→ INFORMATION PROVIDED:
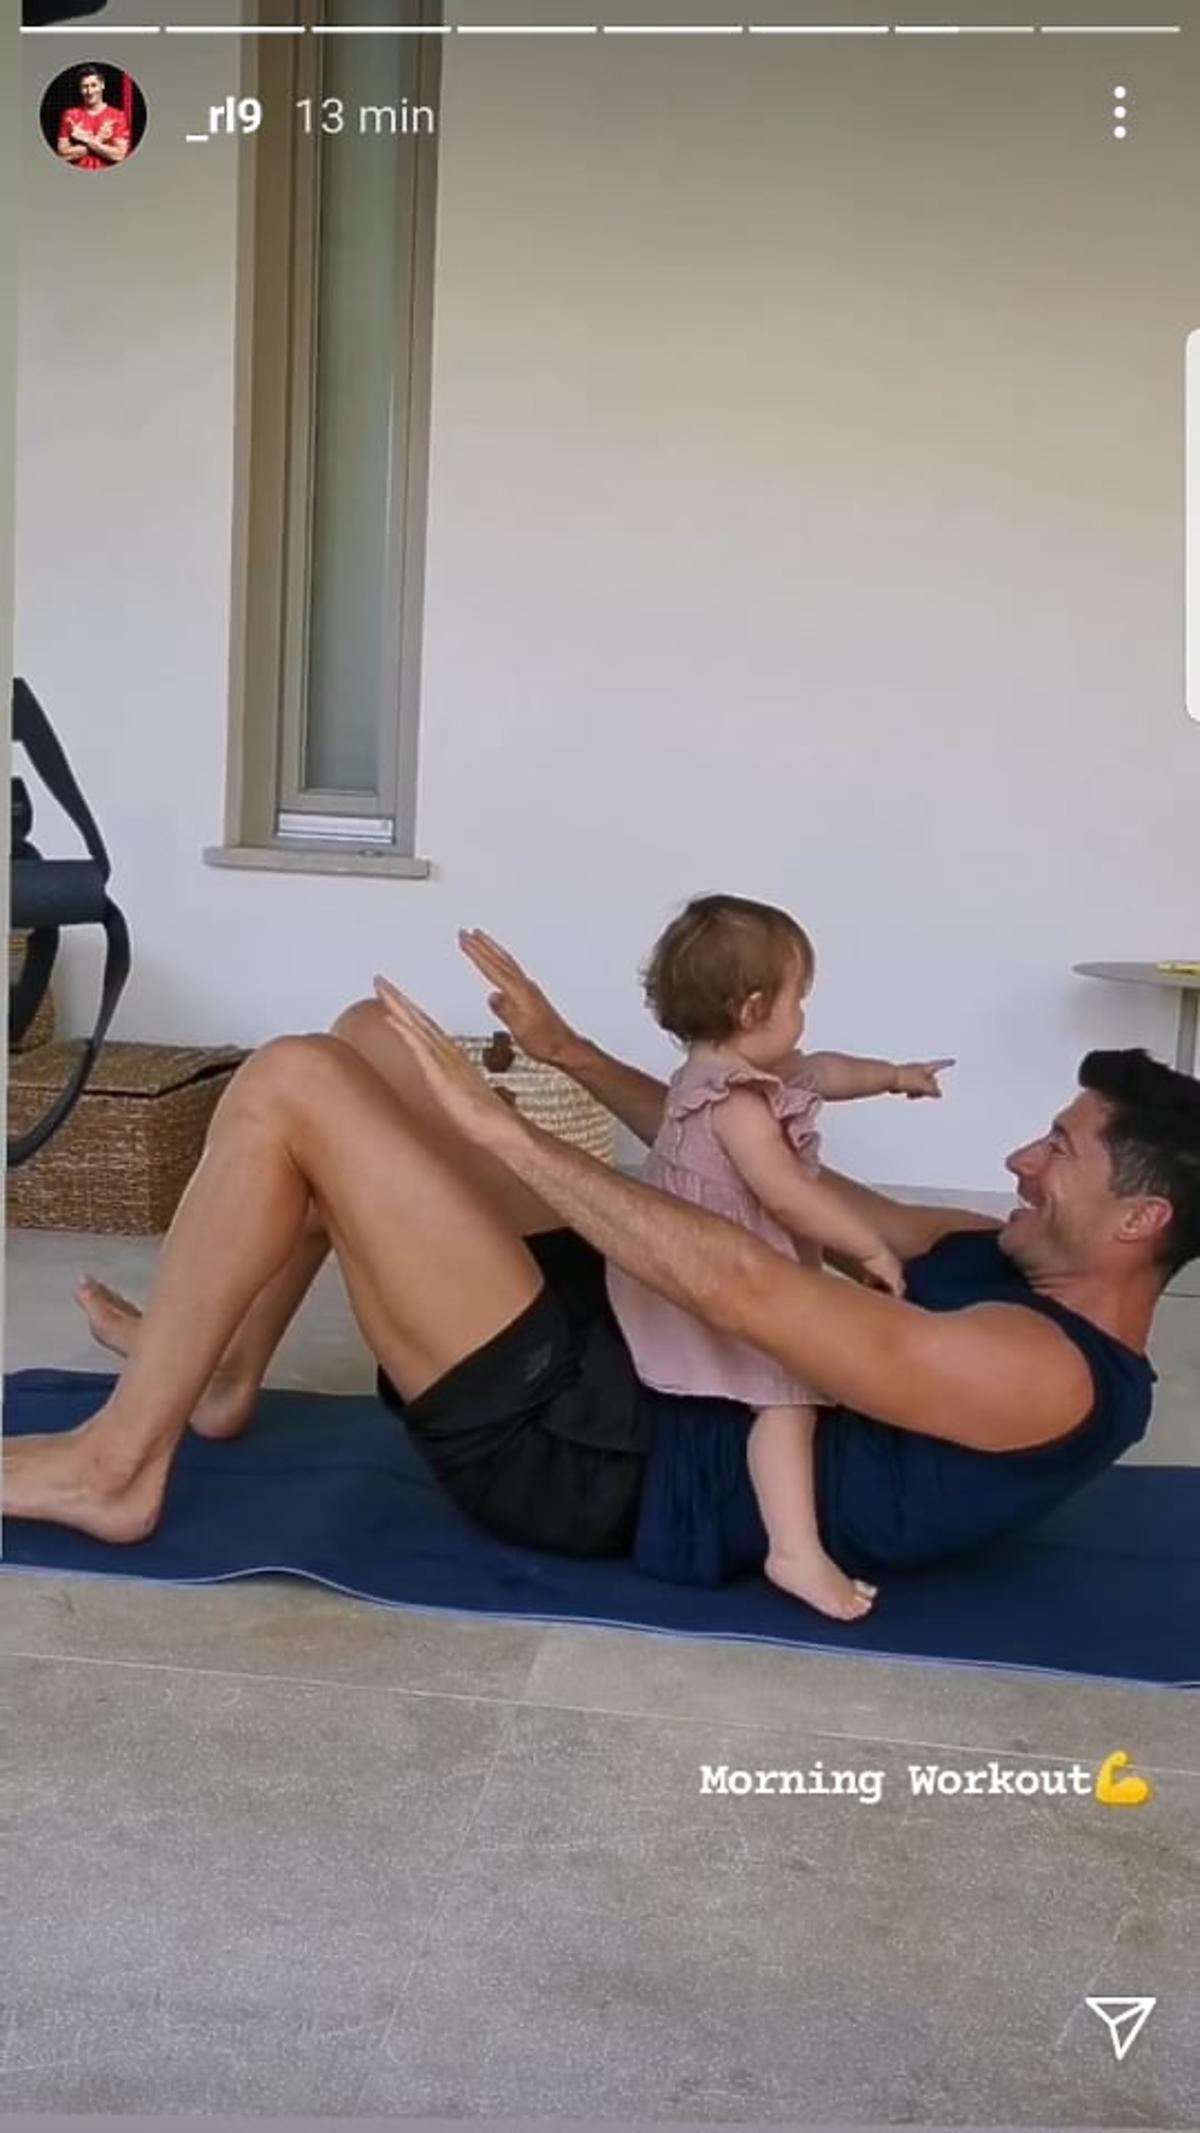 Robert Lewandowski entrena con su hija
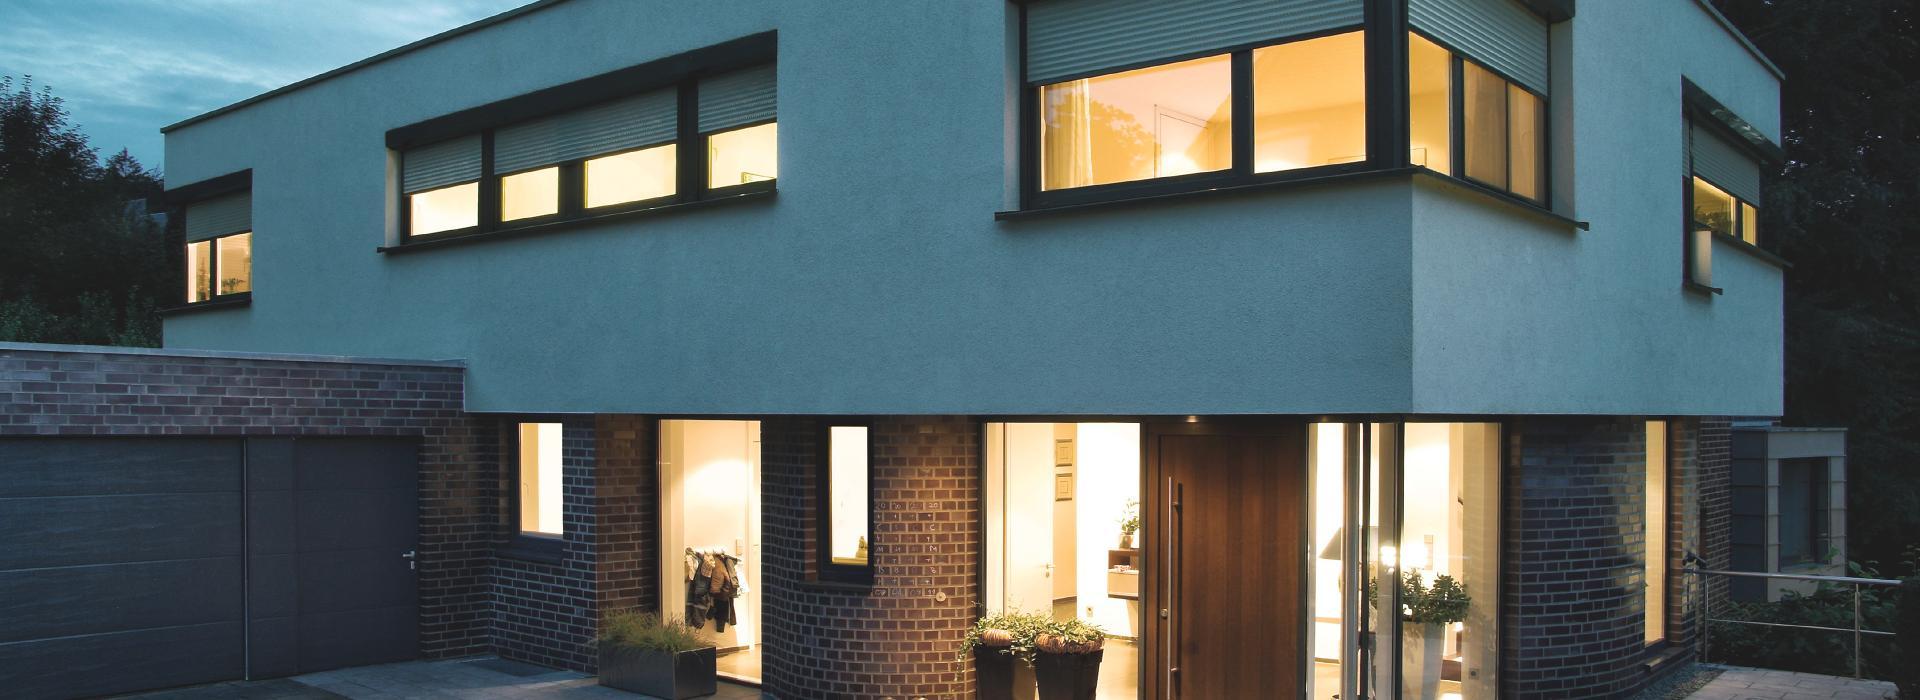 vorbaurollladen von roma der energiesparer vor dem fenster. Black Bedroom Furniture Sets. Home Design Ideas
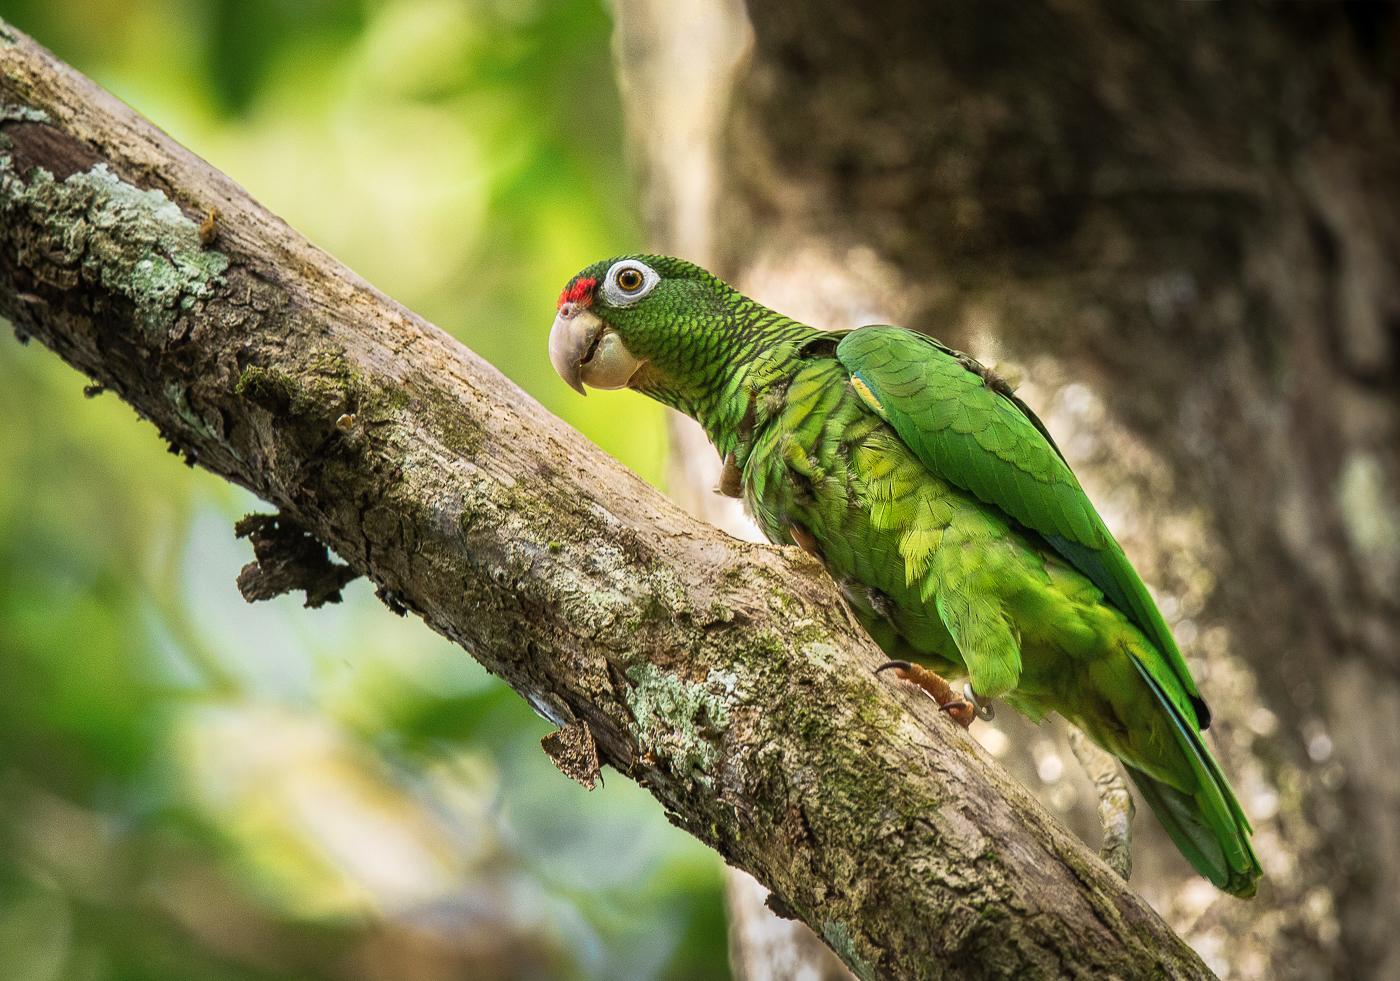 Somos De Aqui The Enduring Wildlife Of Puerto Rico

→ TASK STATEMENT: Write out the data above in full and exactly, but not the pictures.

→ EXERCISE RESPONSE:
 Robert Lewandowski entrena con su hija
 vorbaurollladen von roma der energiesparer vor dem fenster. Black Bedroom Furniture Sets. Home Design Ideas
 Somos De Aqui The Enduring Wildlife Of Puerto Rico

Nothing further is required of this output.